> What you need to do:
The expected output is the data below, character for character, without its pictures.

> Data provided:
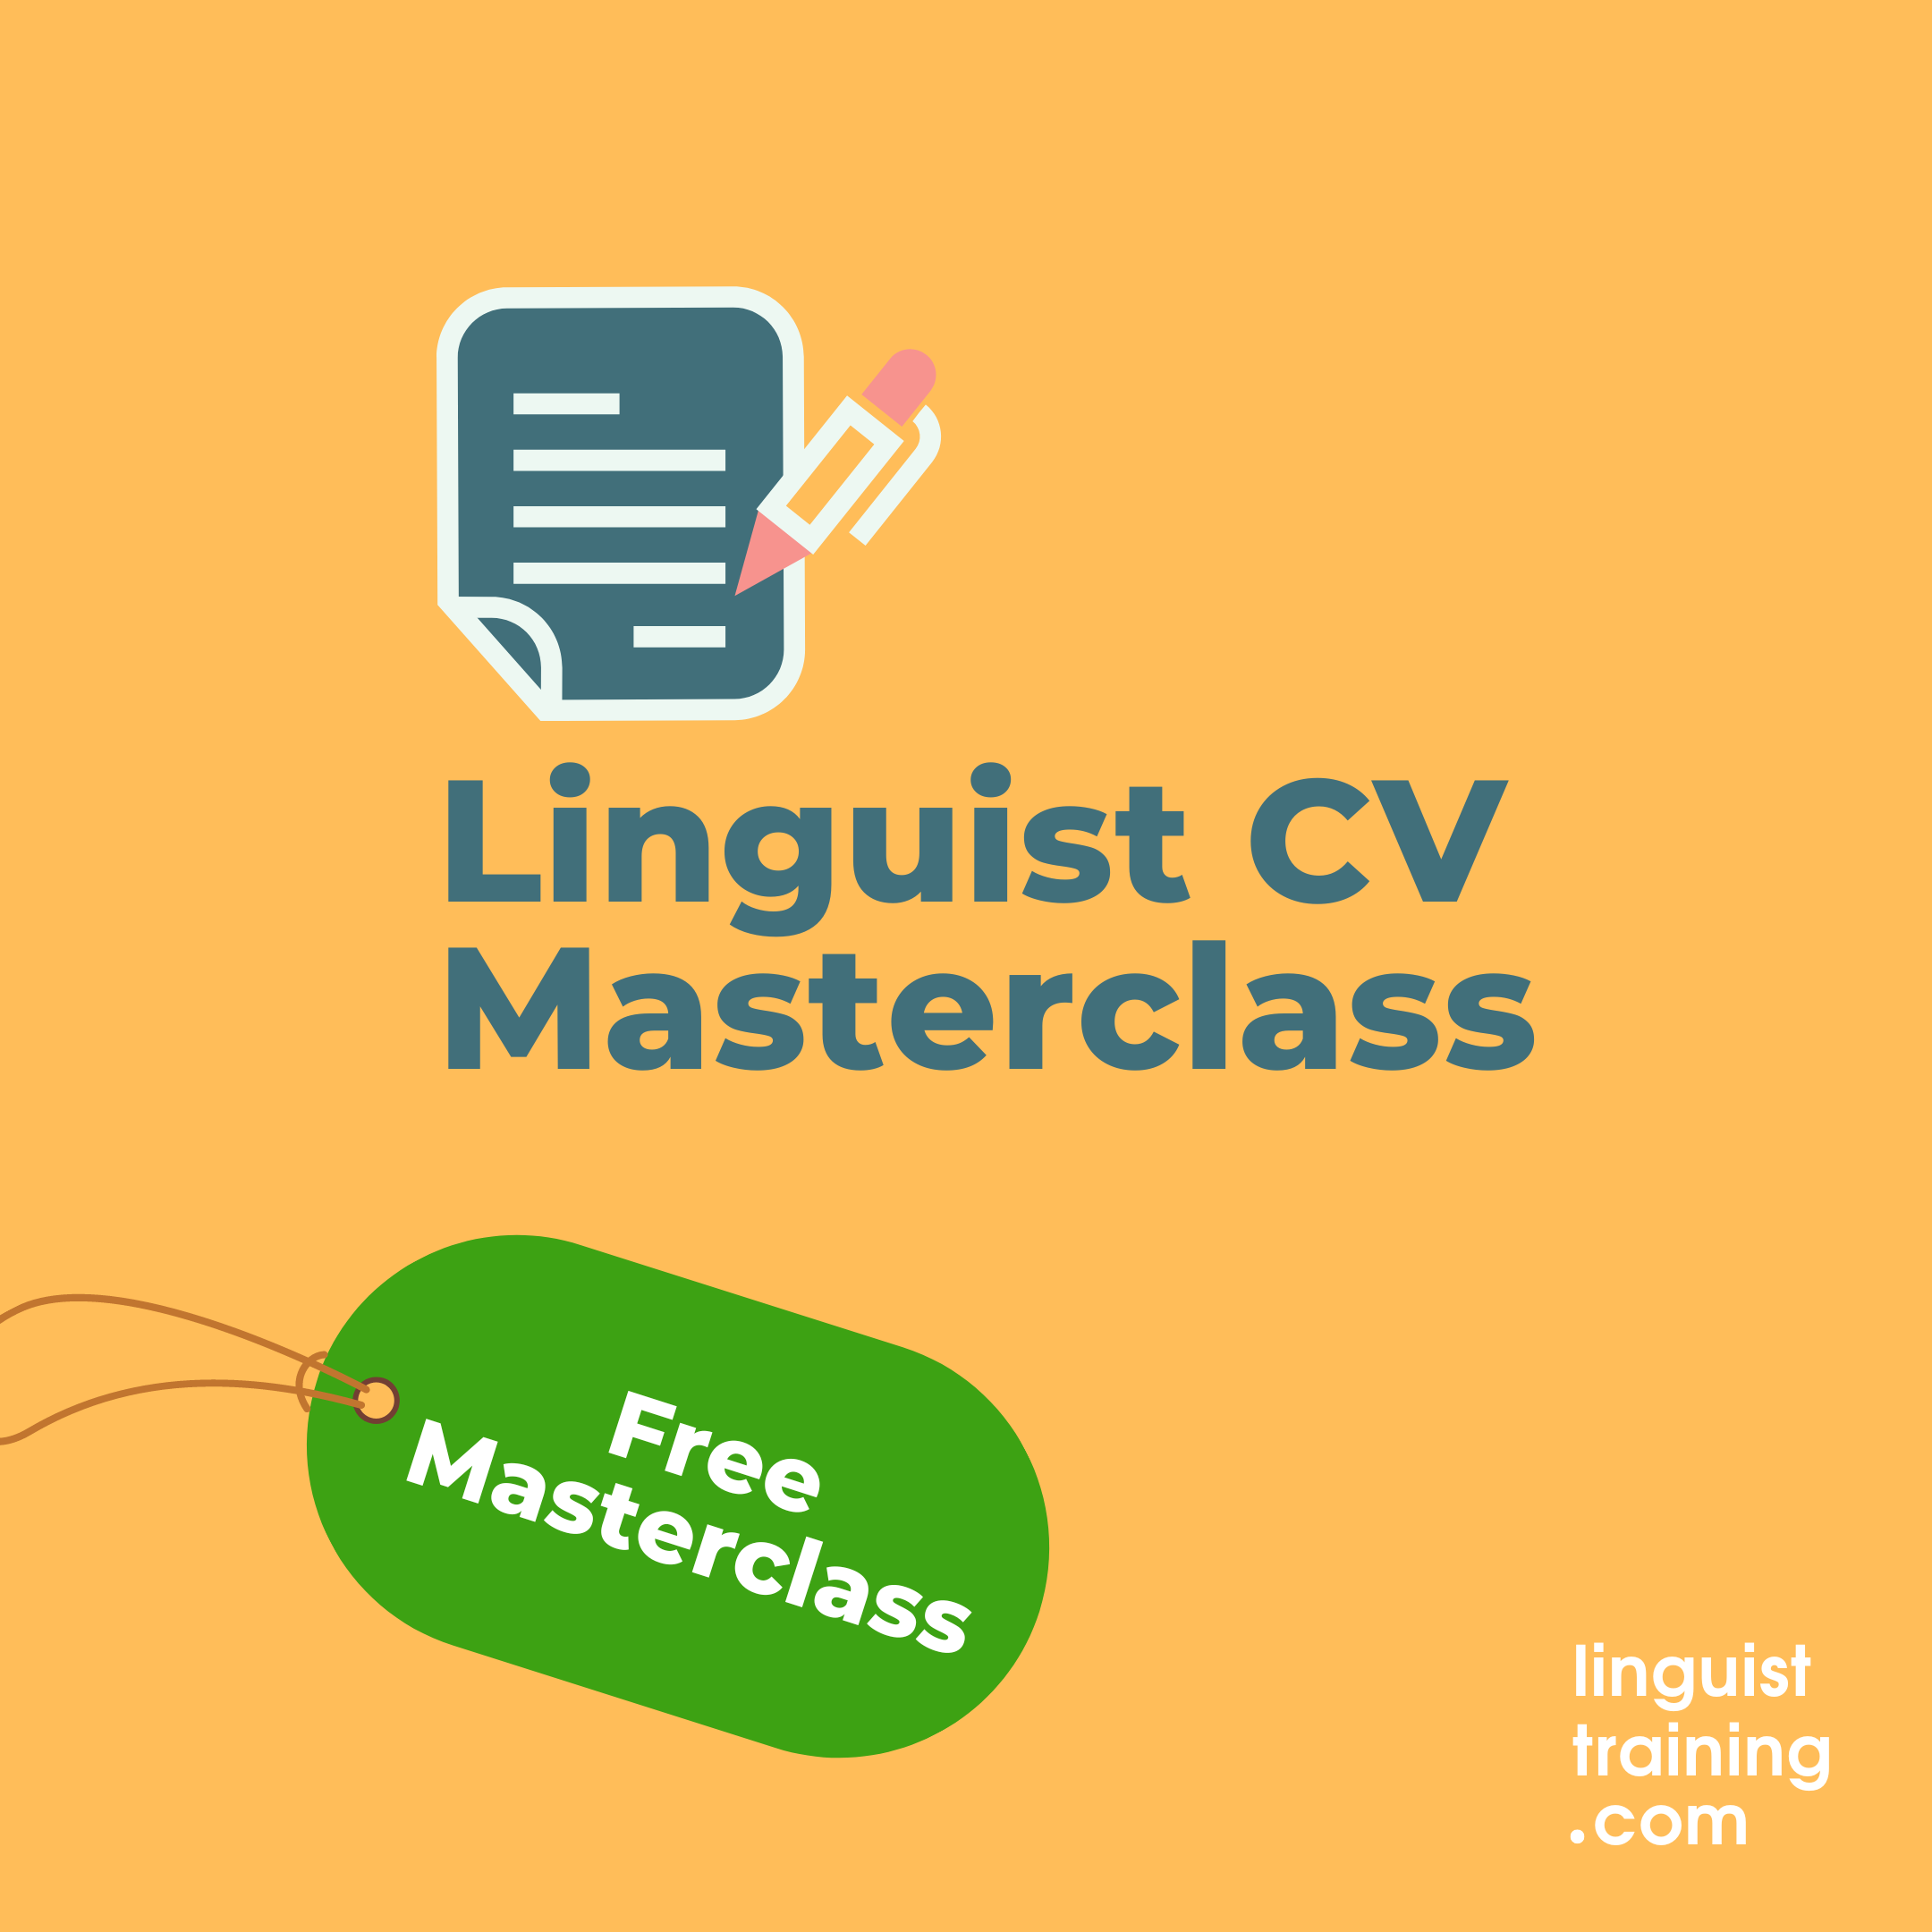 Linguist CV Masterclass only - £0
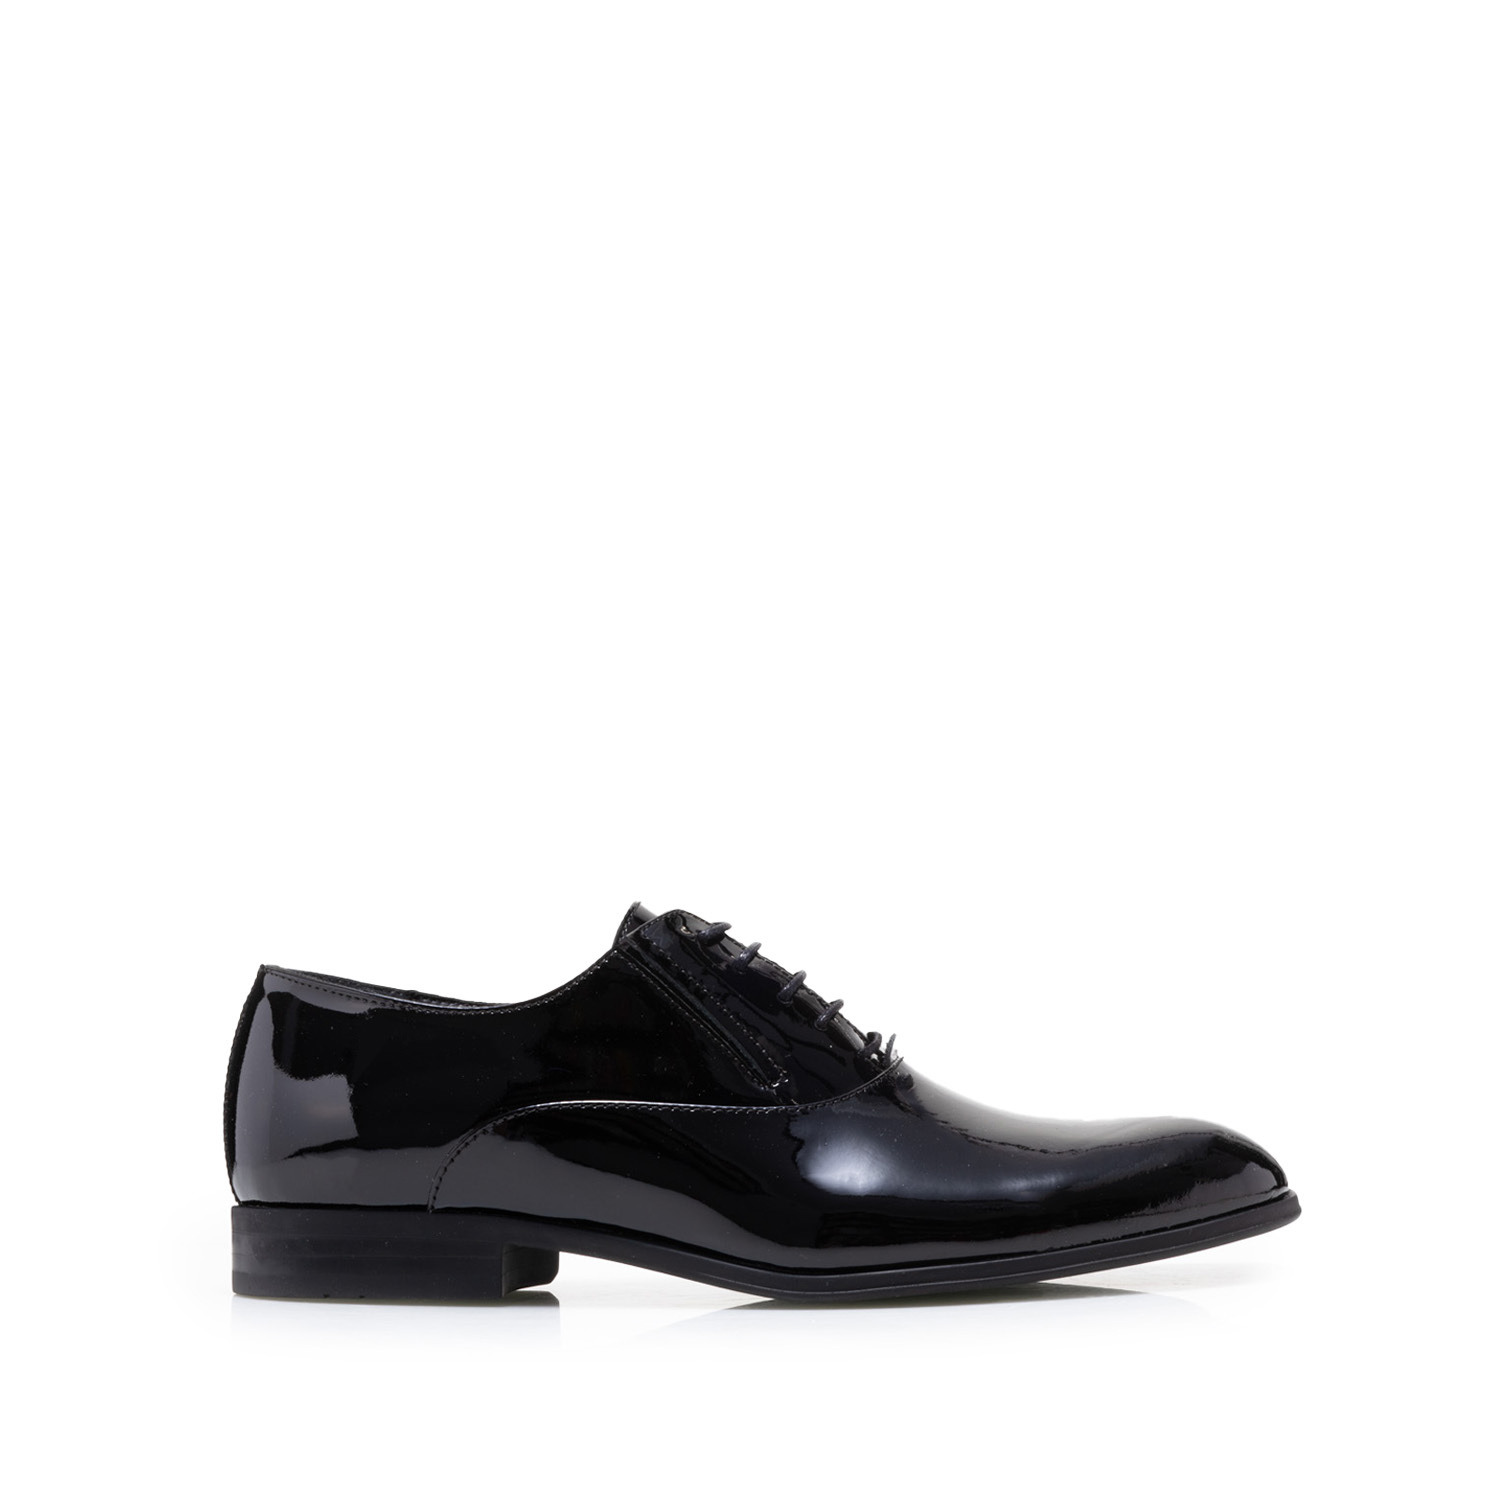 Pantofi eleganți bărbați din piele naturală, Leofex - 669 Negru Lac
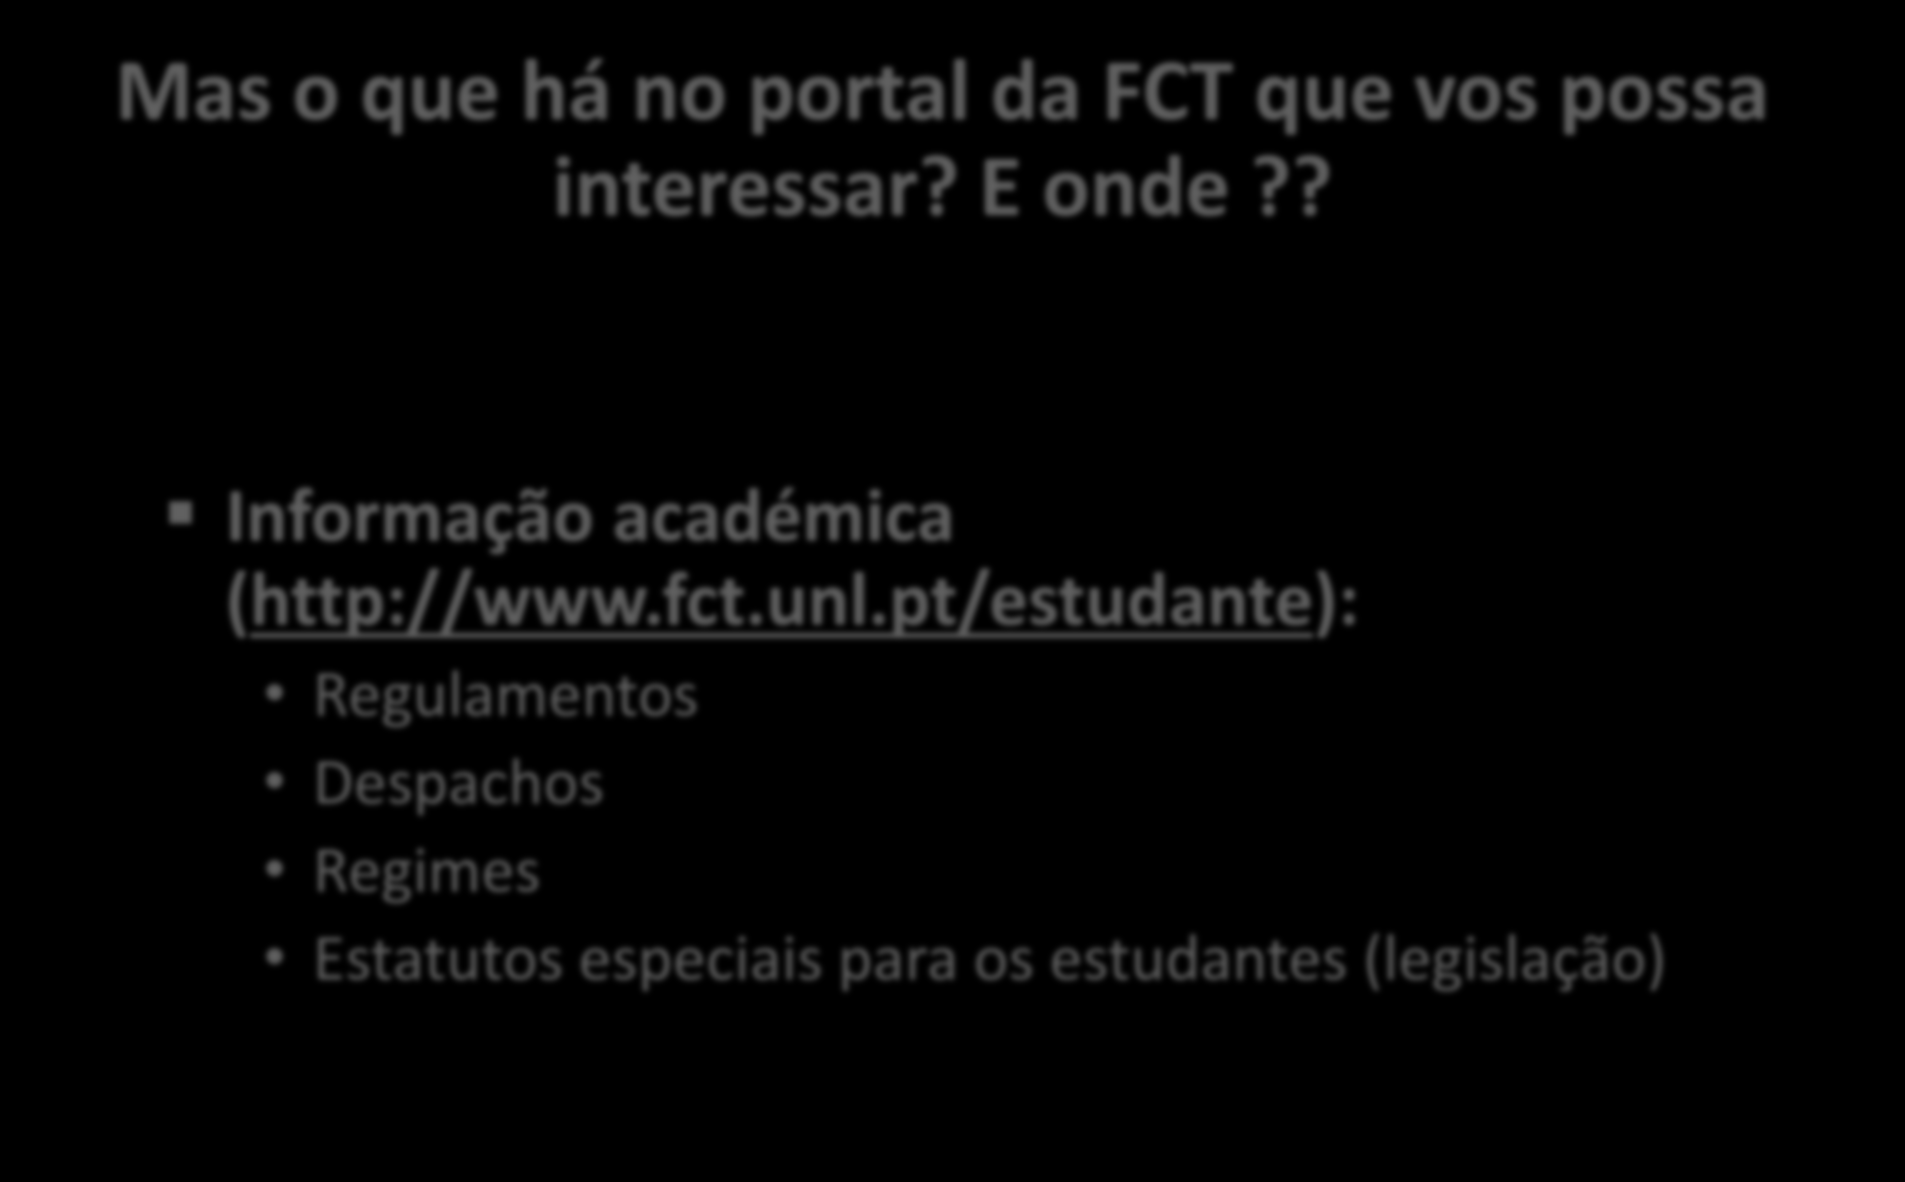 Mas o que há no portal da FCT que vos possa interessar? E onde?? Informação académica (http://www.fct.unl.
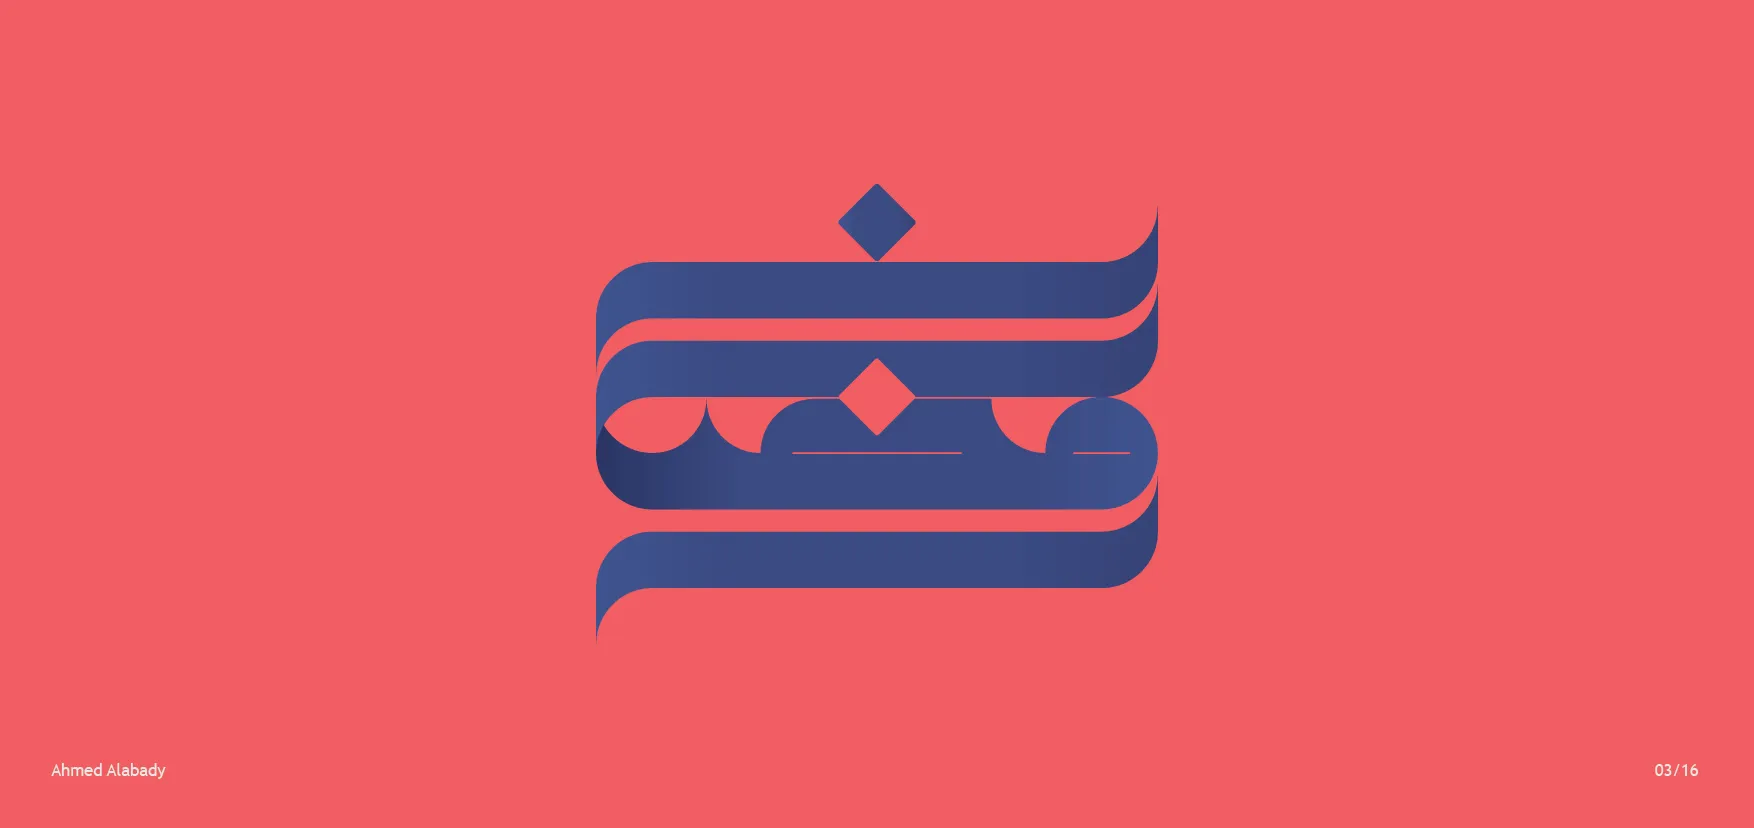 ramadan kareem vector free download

> Answer box:
 Linguist CV Masterclass only - £0
 Pantofi eleganți bărbați din piele naturală, Leofex - 669 Negru Lac
 Mas o que há no portal da FCT que vos possa interessar? E onde?? Informação académica (http://www.fct.unl.
 ramadan kareem vector free download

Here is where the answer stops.